• [PROBLEM DESCRIPTION]:
Leaving out every picture, copy the lines of the material below exactly, from the line containing "sac a main noir et or" through the line containing "Pai Skincare Kukui".

• [DATA EXCERPTS]:
- - - - -

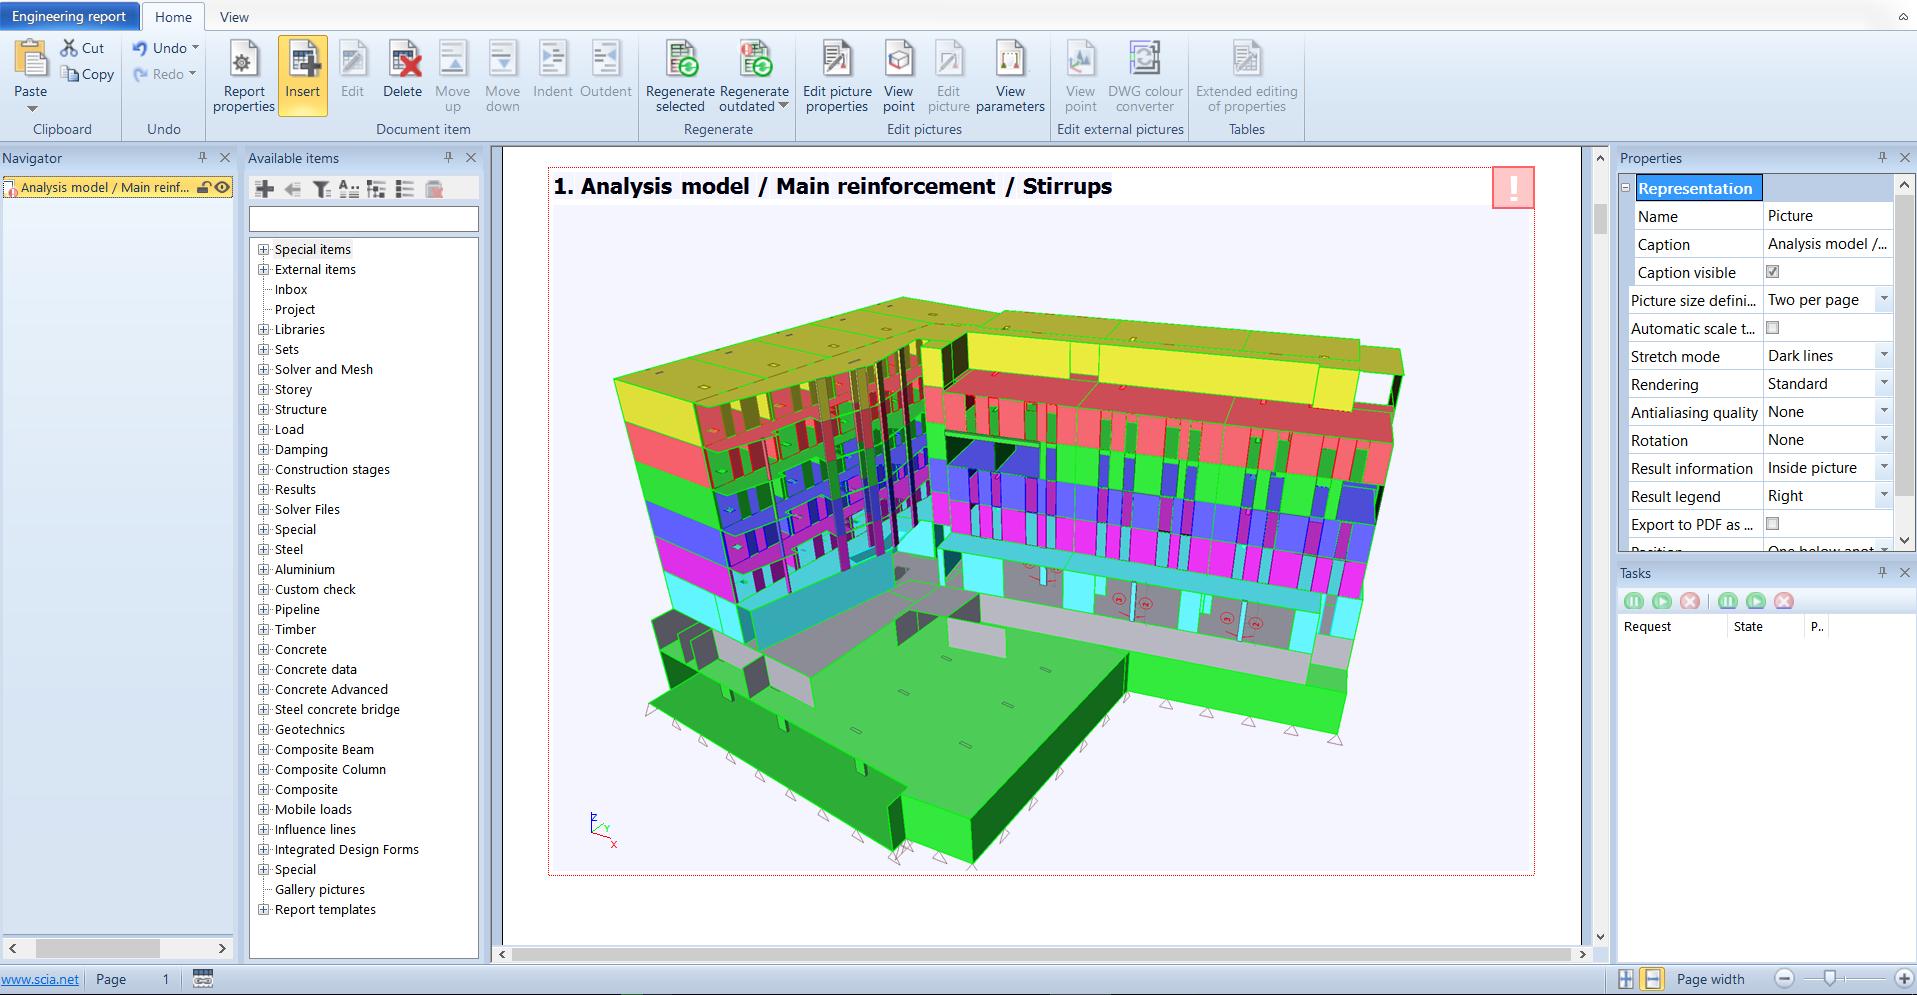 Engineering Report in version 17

- - - - -

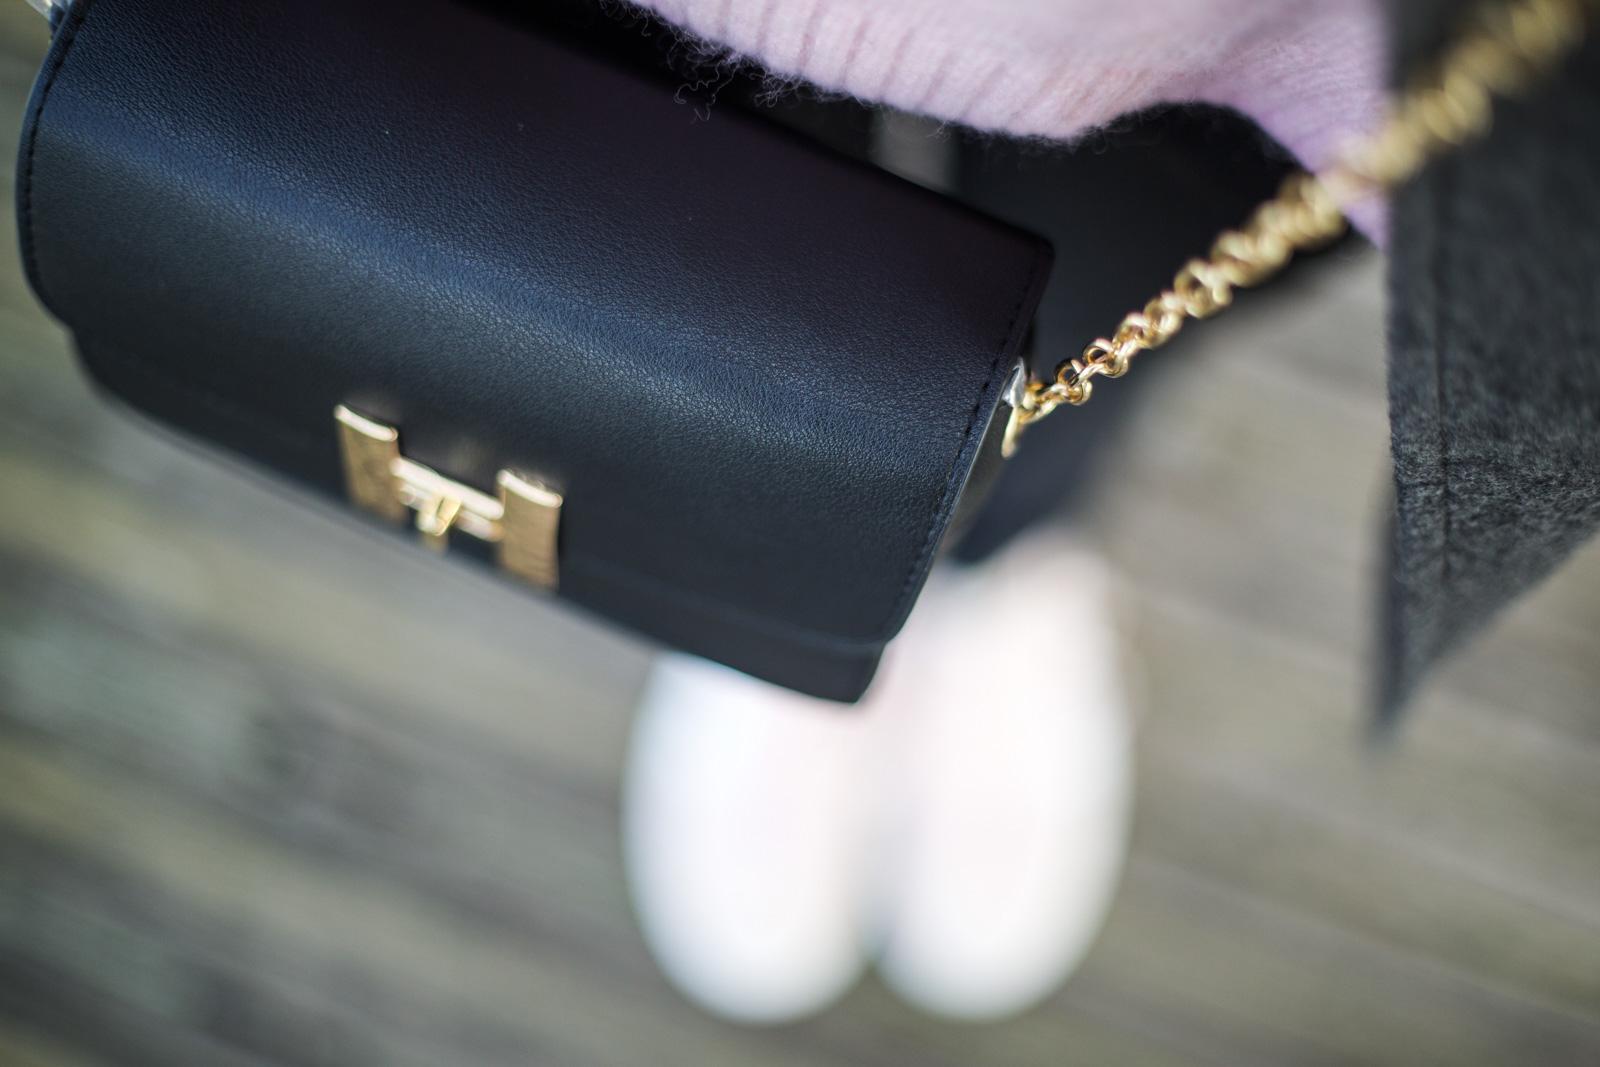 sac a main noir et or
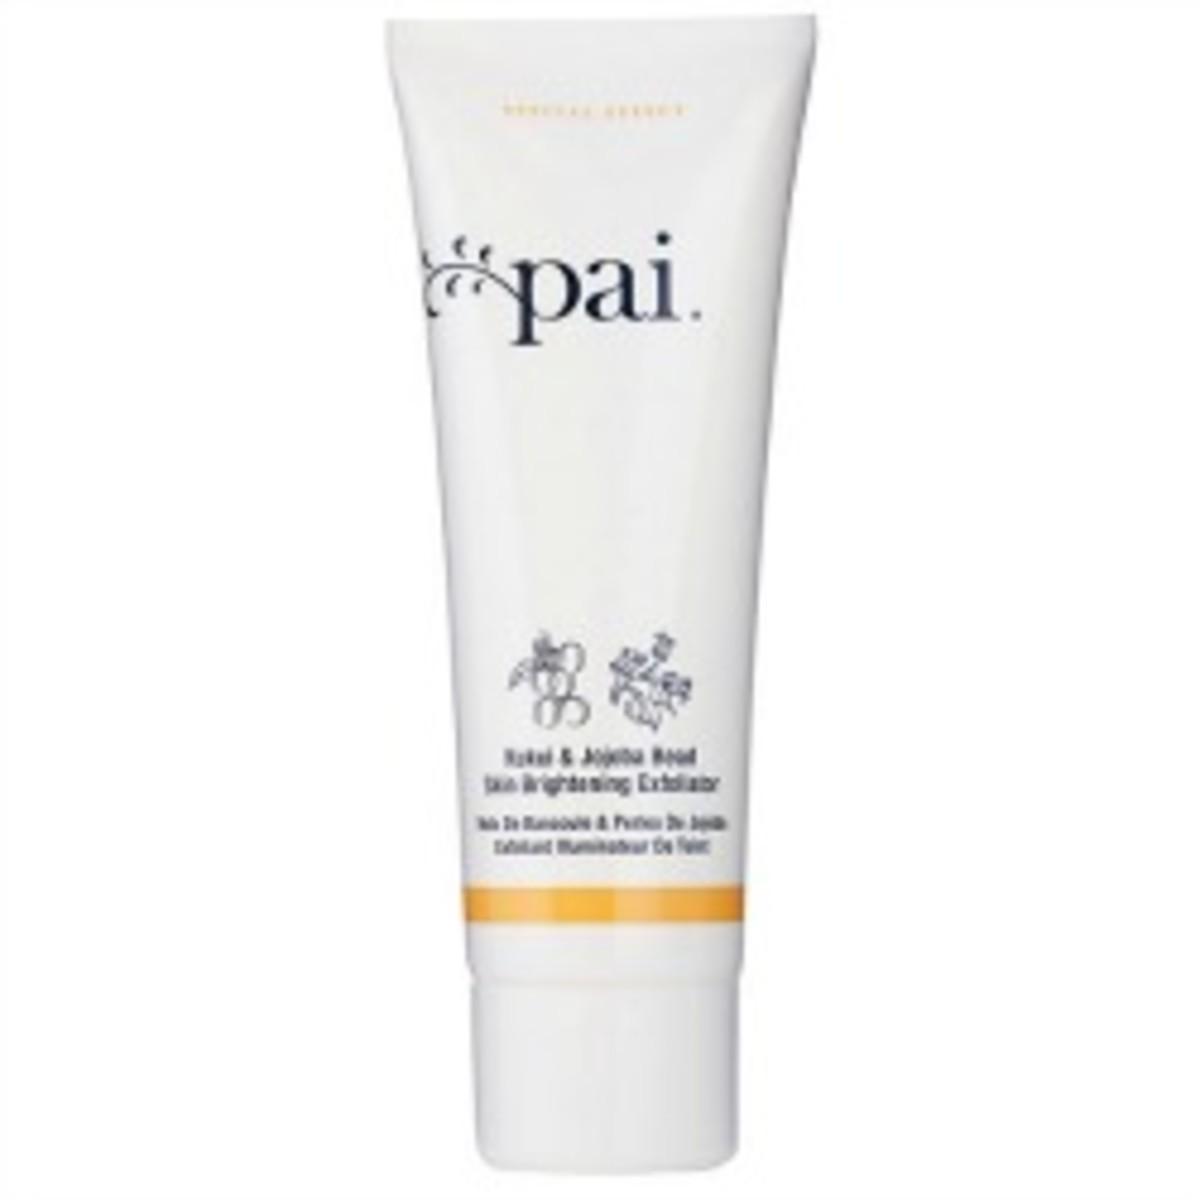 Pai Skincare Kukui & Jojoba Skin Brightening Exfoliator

- - - - -

• [OUTPUT]:
 sac a main noir et or
 Pai Skincare Kukui & Jojoba Skin Brightening Exfoliator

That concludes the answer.